INSTRUCTIONS FOR THE TASK - The result should be the full listing copied exactly, with no pictures in it.

DATASET SECTION -
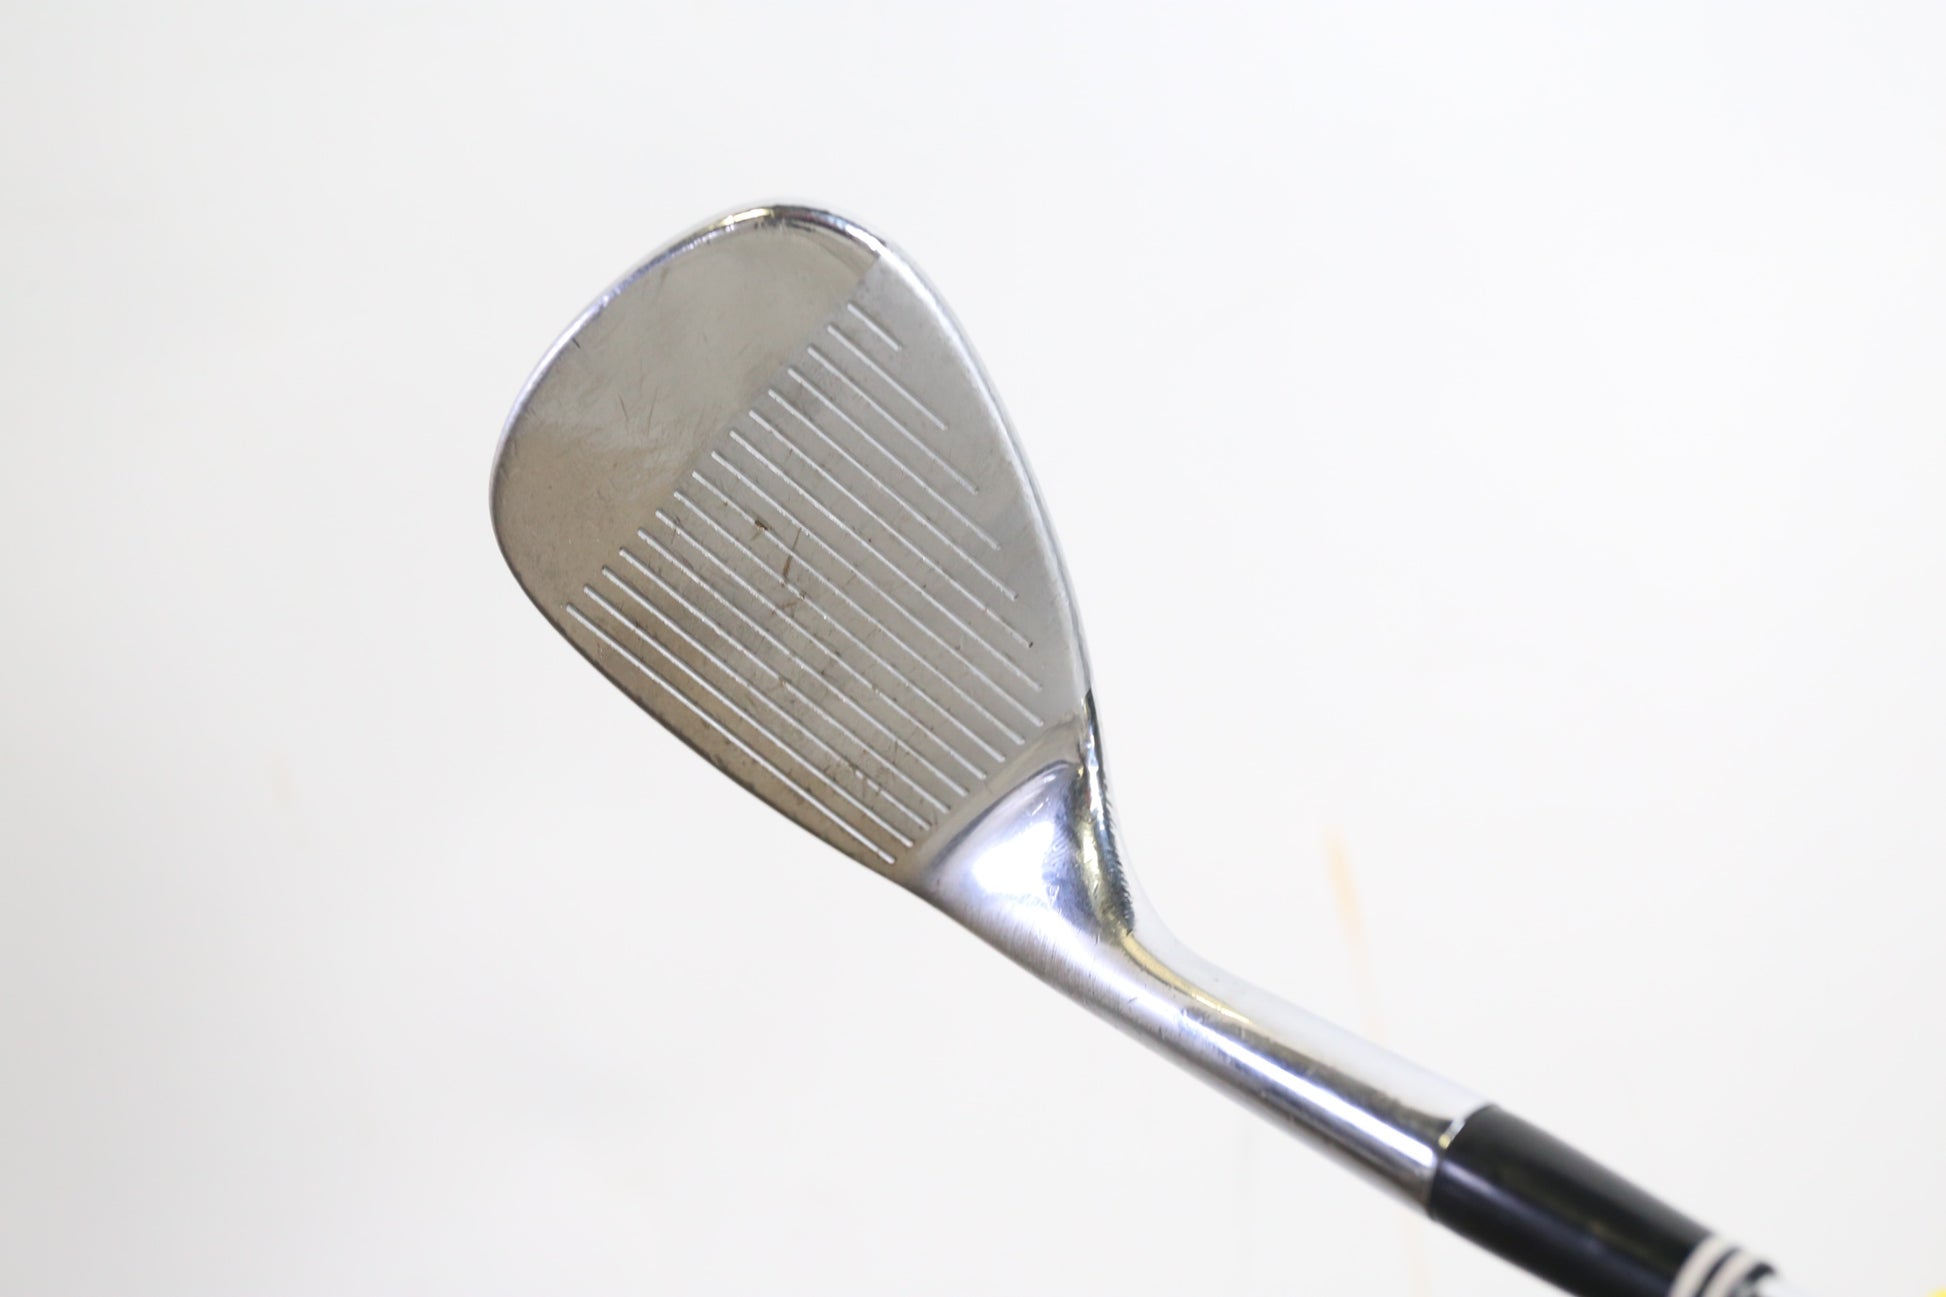 Used Cleveland 588 Tour Action Sand Wedge - Right-Handed - 56 Degrees - Stiff Flex-Next Round
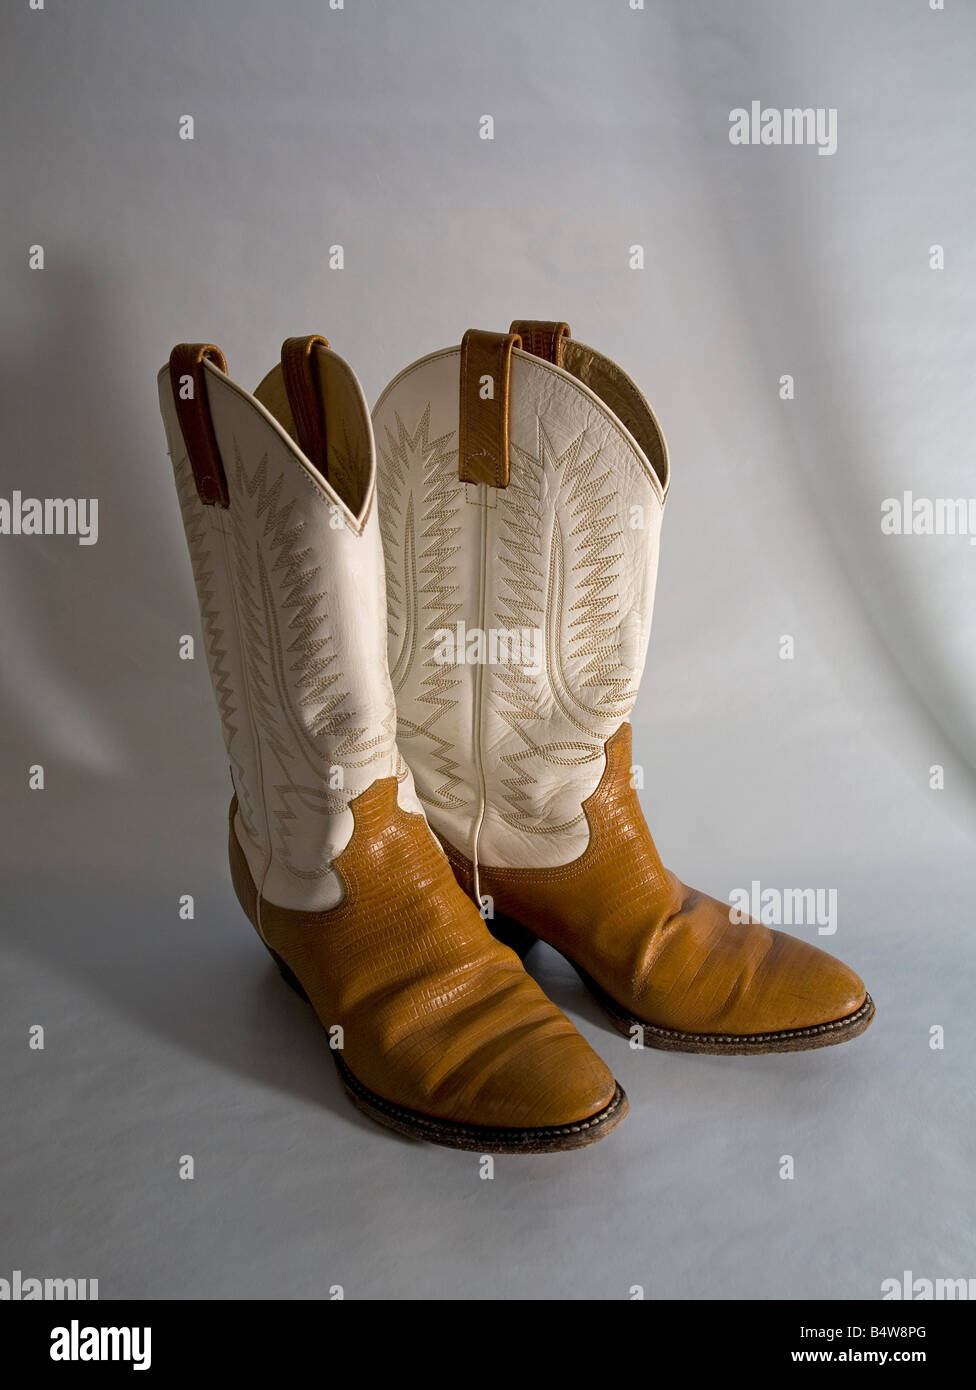 Pointed Boots High Resolution Stock Photography and Images - Alamy
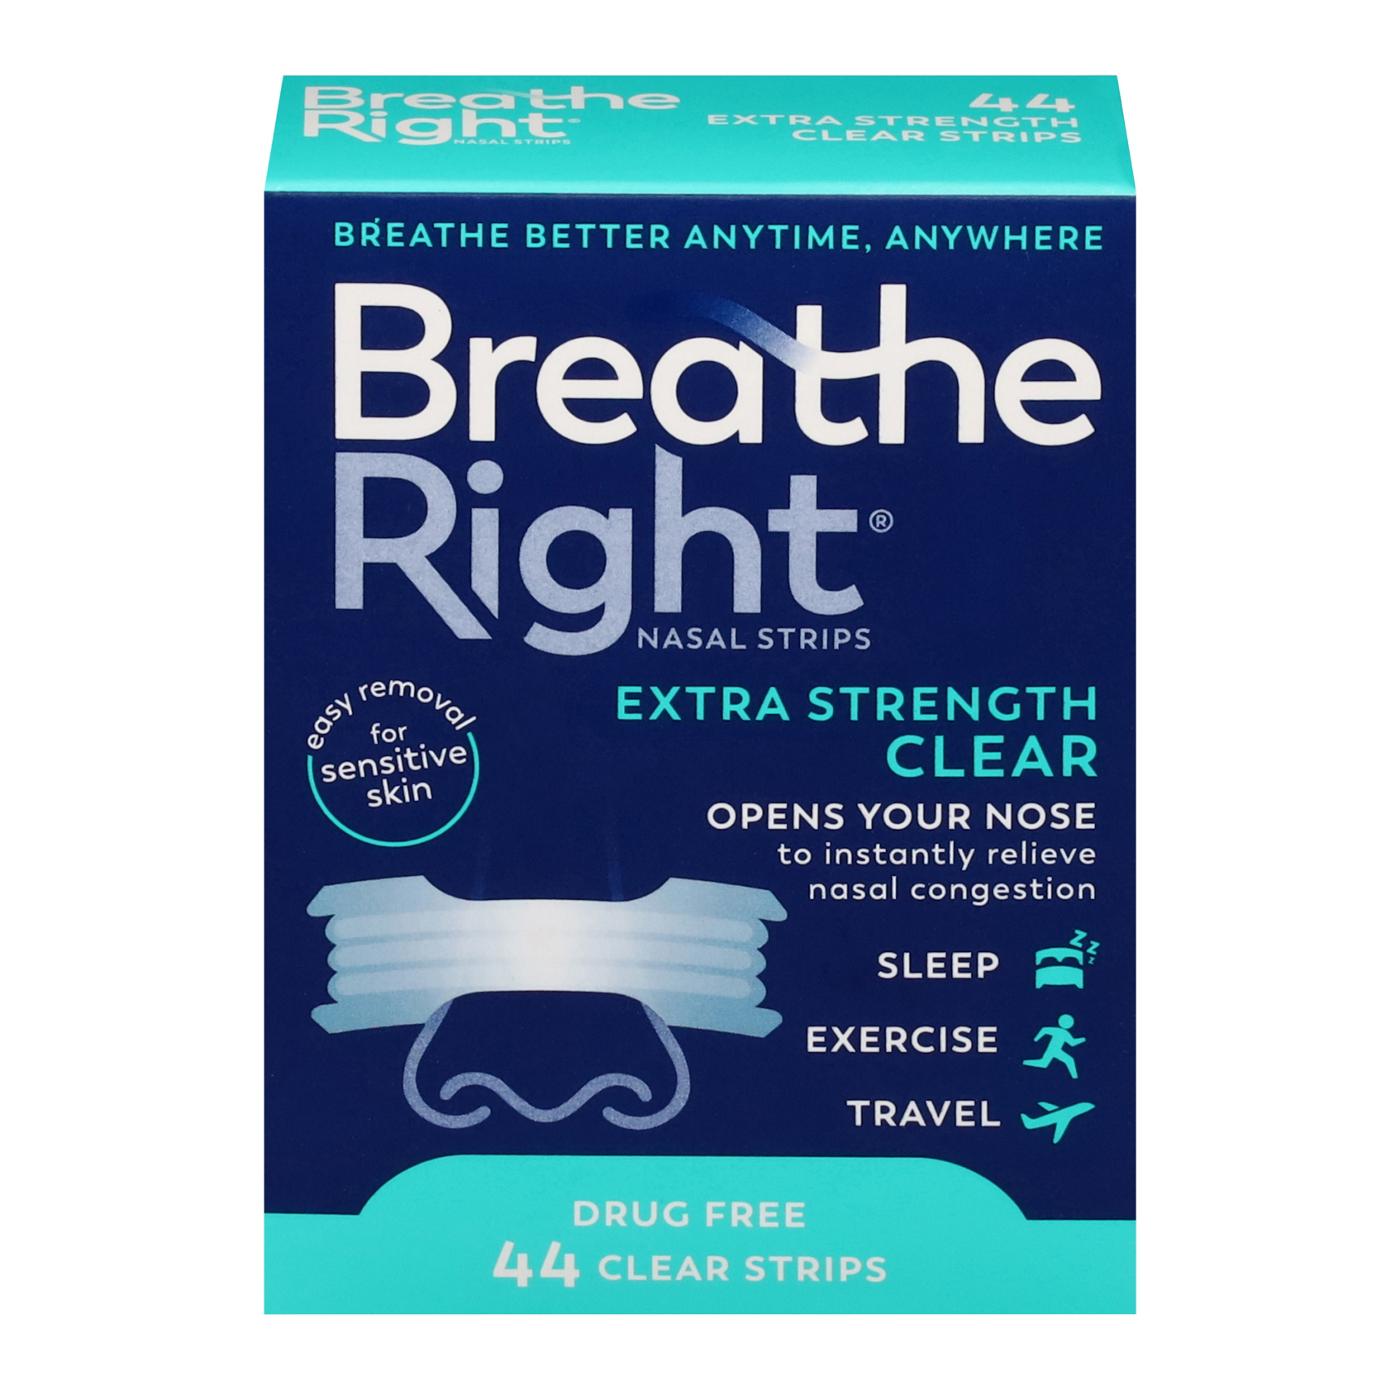 Breathe Right Extra Strength Clear Nasal Strips; image 1 of 2
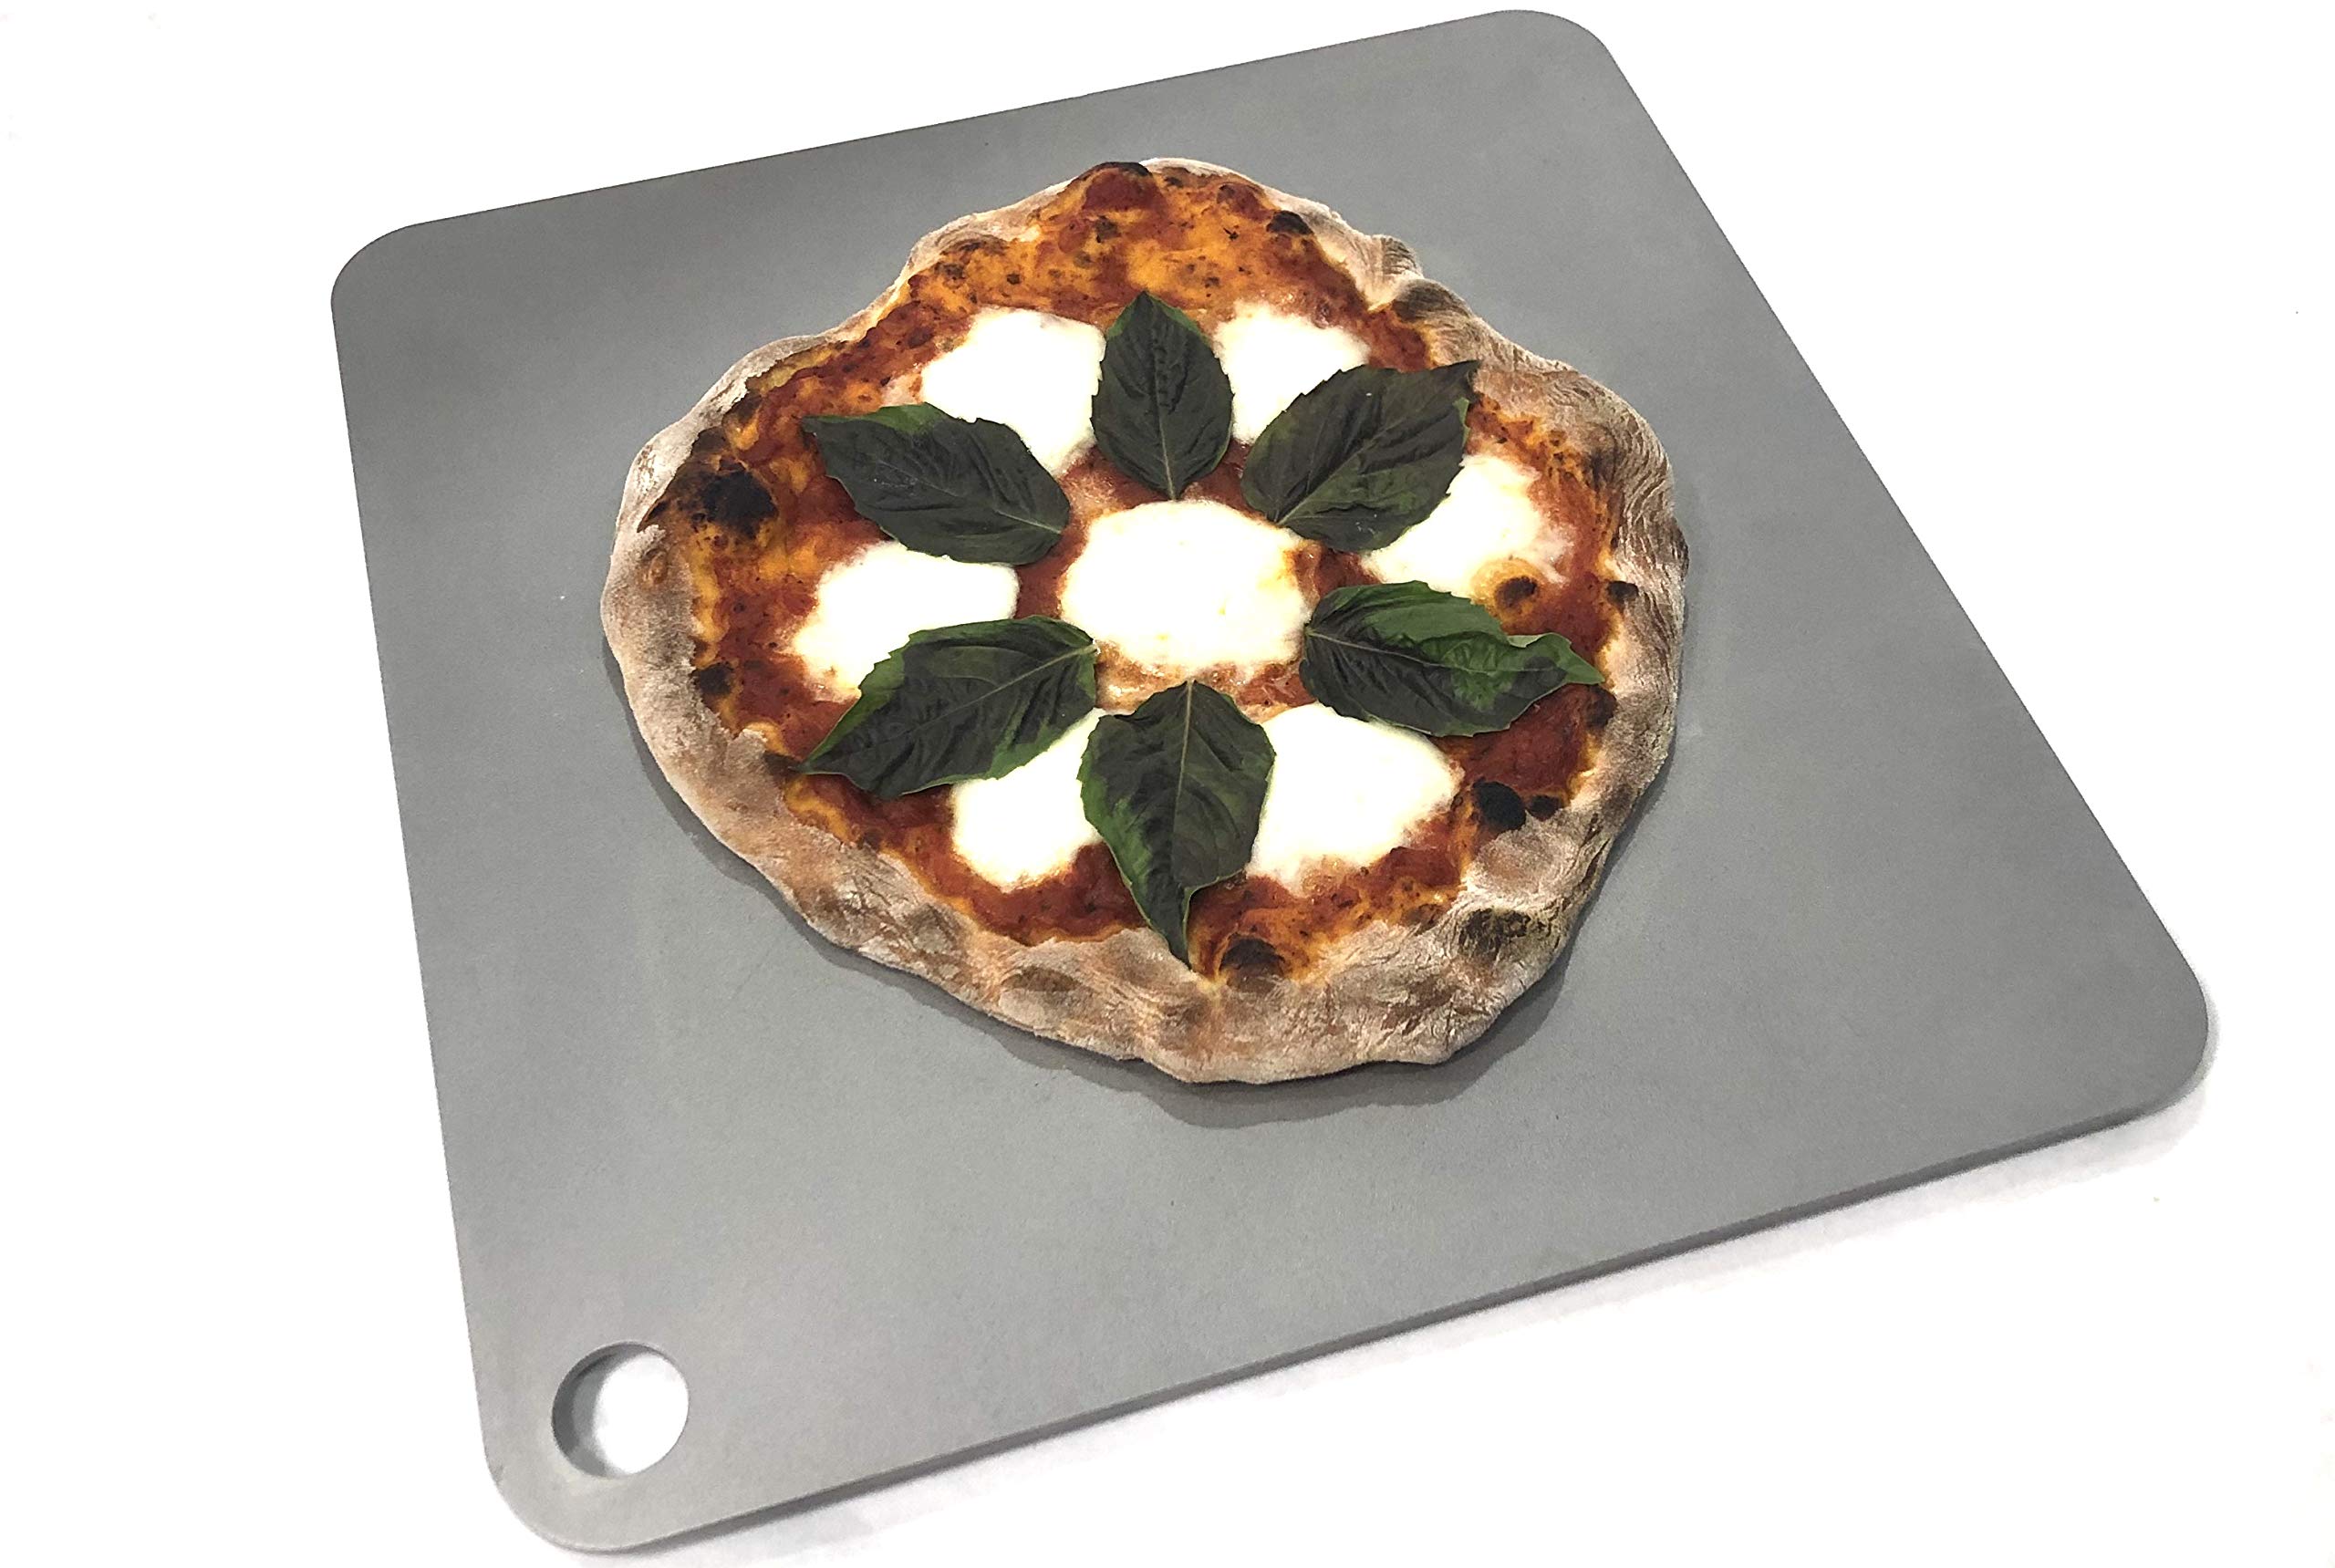 Square Pizza Steel by Conductive Cooking (3/16" Standard, 14"x20" XL)

TASK RESPONSE -
 Used Cleveland 588 Tour Action Sand Wedge - Right-Handed - 56 Degrees - Stiff Flex-Next Round
 Pointed Boots High Resolution Stock Photography and Images - Alamy
 Breathe Right Extra Strength Clear Nasal Strips; image 1 of 2
 Square Pizza Steel by Conductive Cooking (3/16" Standard, 14"x20" XL)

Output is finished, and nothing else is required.